К таможне они подъехали почти в полночь. Кравцов подогнал автобус так близко к стоявшей впереди легковушке, что Шуруп в свете фар разглядел в ее салоне повернутые назад испуганные лица. Вздохнув тормозами, автобус остановился в сантиметре от багажника легковушки, и Кравцов ухмыльнулся. Шуруп подумал, что, если бы за рулем легковушки сидел он, в следующий раз Кравцов улыбнулся бы не скоро – только после того, как вставил бы передние зубы. Водитель задрипанного «жигуленка», однако, даже не вышел из машины. "Лох, – с презрением подумал Шуруп, – мужик. Его давят, а он молчит.

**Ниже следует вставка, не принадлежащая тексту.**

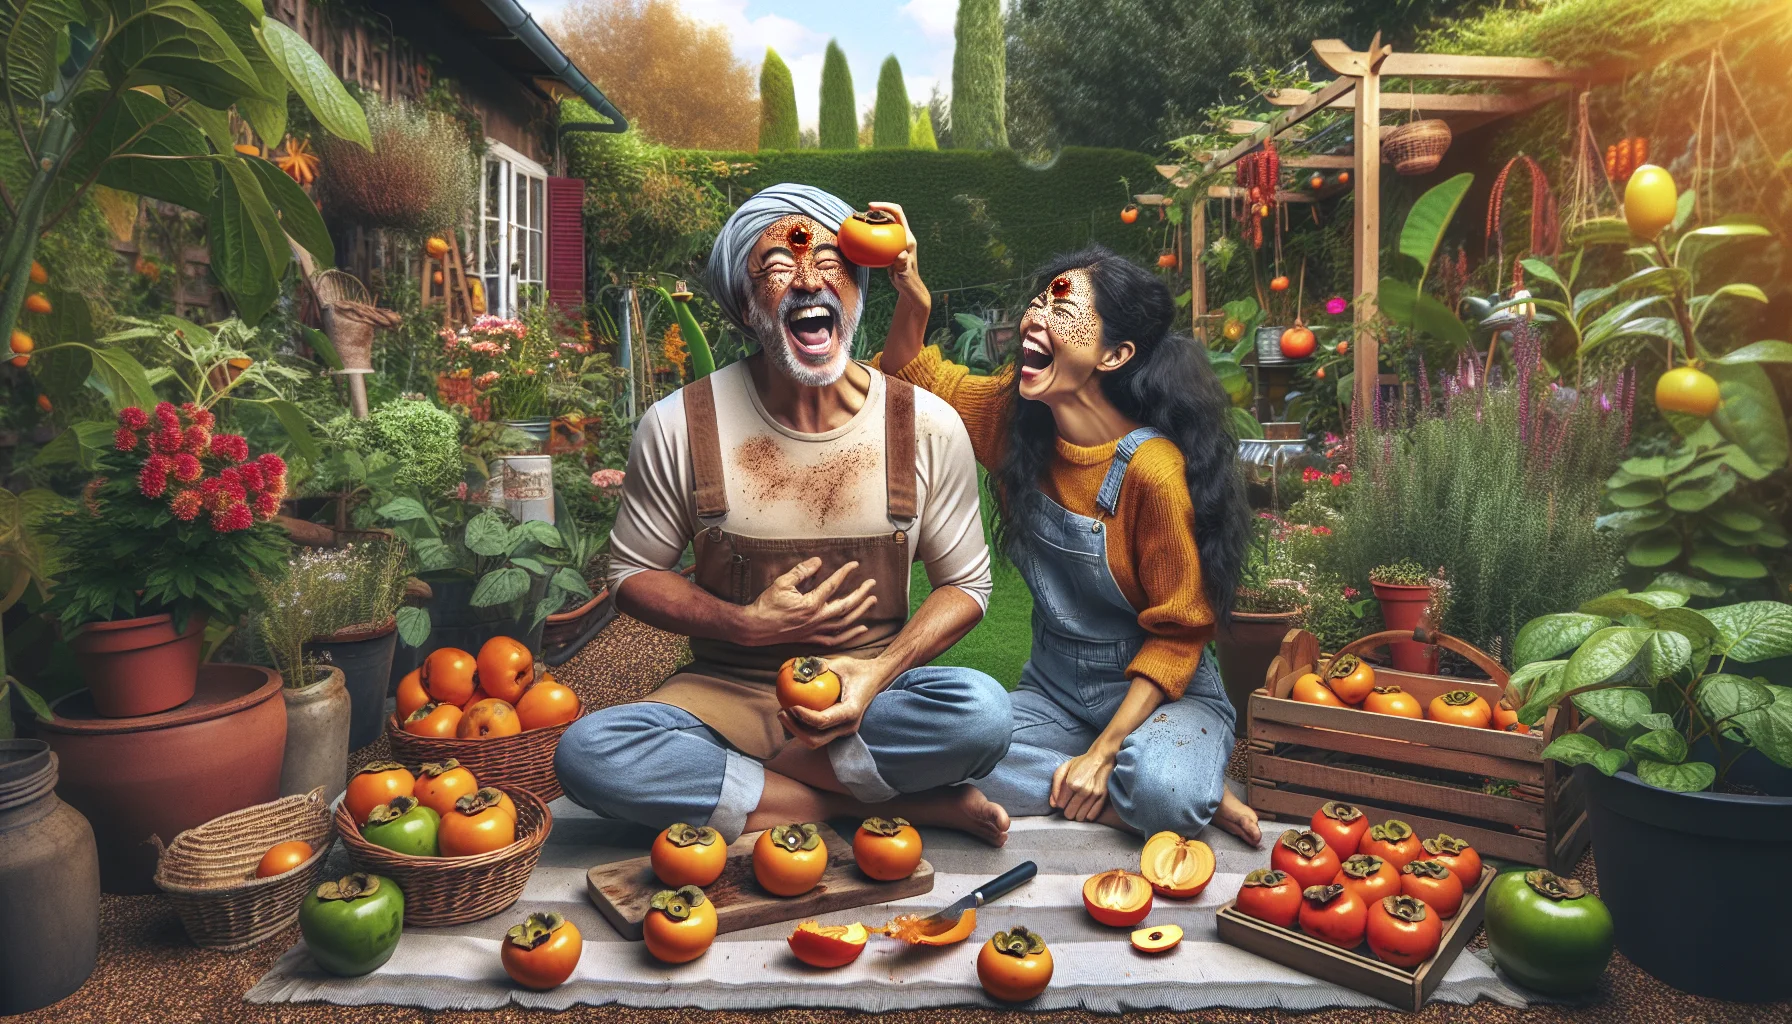 Imagine a hilarious scene happening in an idyllic backyard garden. A South Asian man and a Middle-Eastern woman are in the garden, laughing heartily while partaking in the kooky task of eating juicy, ripe persimmons. The man has a persimmon half stuck to his forehead, pretending it's a third eye, while the woman has bitten into a persimmon and has juice splattering all over her face like a freckled pattern. Around them, lush plants, blooming flowers, and distinctly charming garden accessories emphasize the rewarding experience of gardening. The scene should exude an infectious joy that invites viewers to try gardening for fun and fresh produce.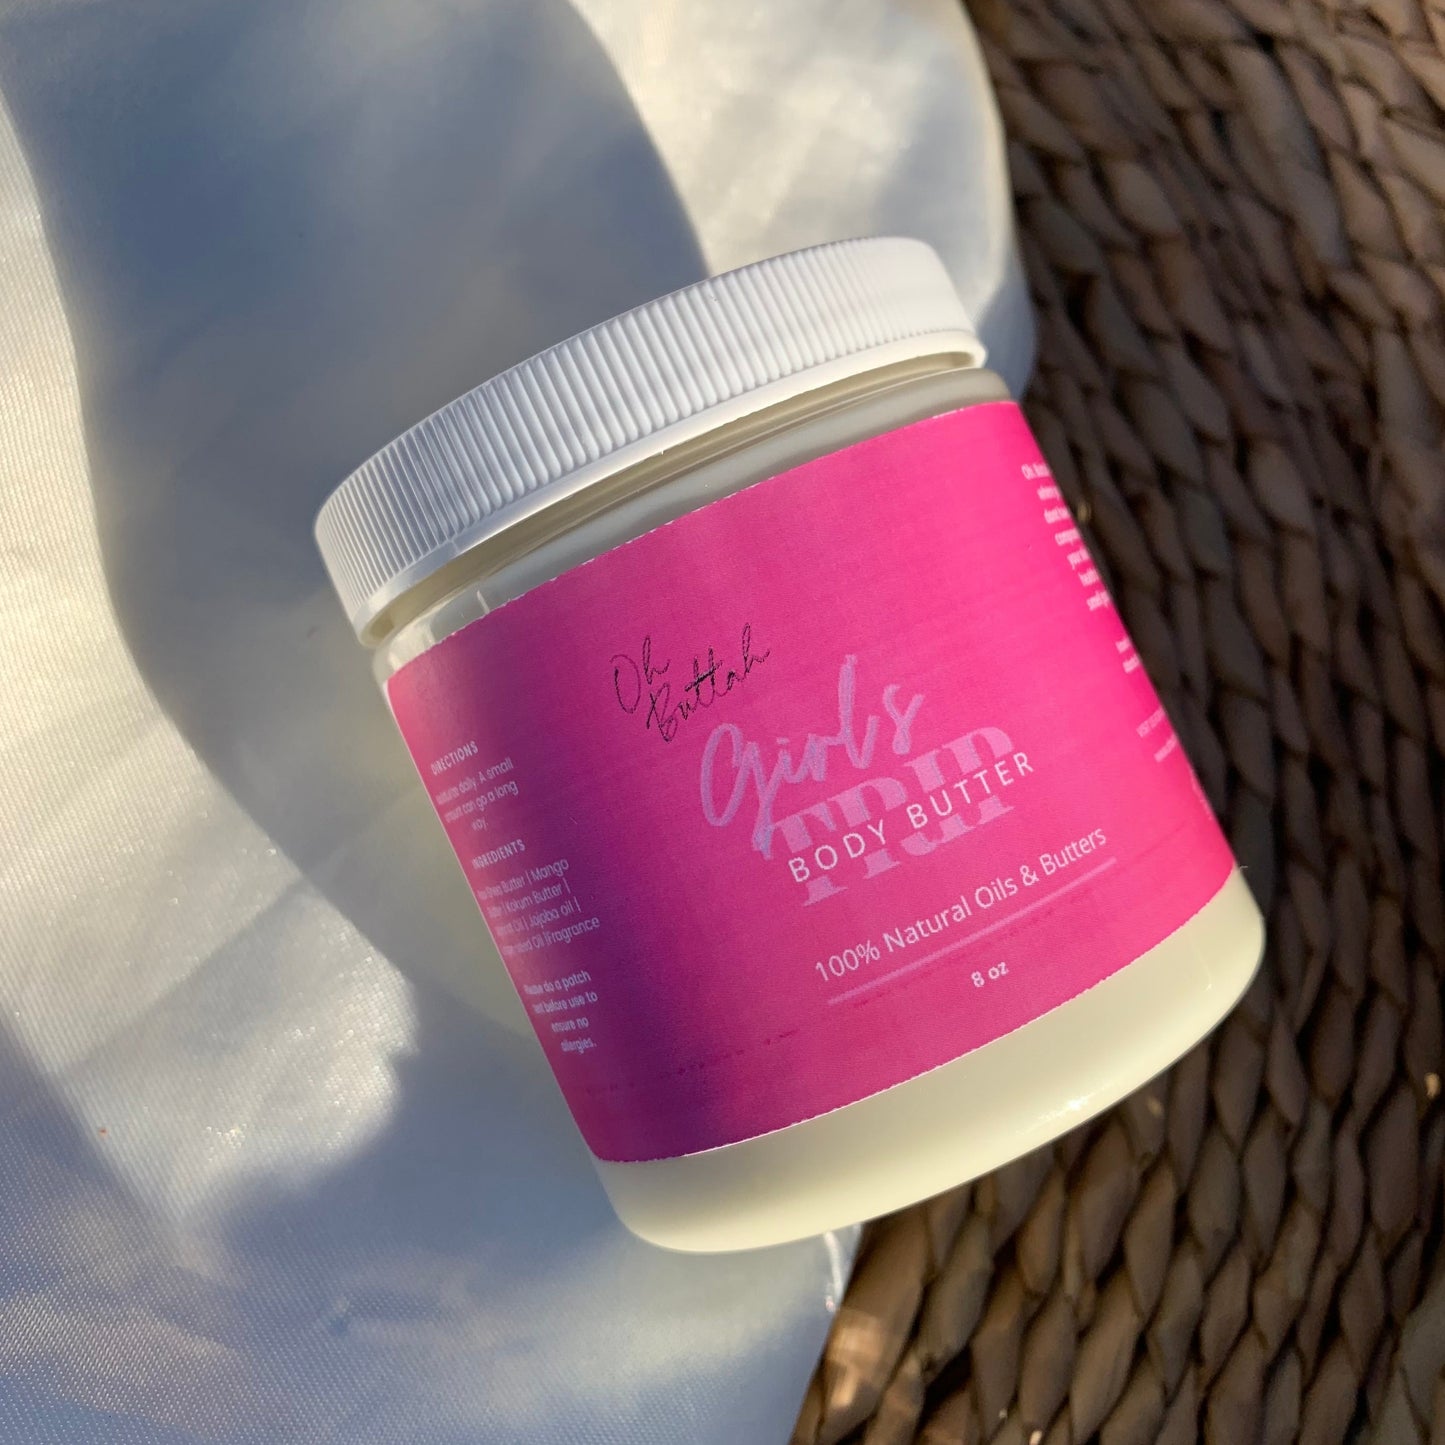 Girls Trip Scented Body Butter

Таких и надо давить. Как насекомых."
Гогич мирно спал рядом с ним – тут все было в порядке, и Шуруп на время забыл о нем. Сопровождающая Галка, разбуженная толчком, встрепенулась, утерла набежавшую во сне слюну и, протянув руку, щелкнула у себя над головой клавишей ночника. Ее сиденье озарилось неярким грязновато-желтым светом, в котором Галка выглядела еще страшнее, чем была на самом деле. Шуруп, вспомнив свое ни с чем не сообразное желание лизнуть ее в губы, скривился от отвращения. «Чего только человеку в голову не придет, – подумал он. – Некоторые даже коз трахают, а мне вот Галку захотелось…»
– Таможня? – невнятно со сна спросила Галка.
– Таможня, – не оборачиваясь отозвался Кравцов.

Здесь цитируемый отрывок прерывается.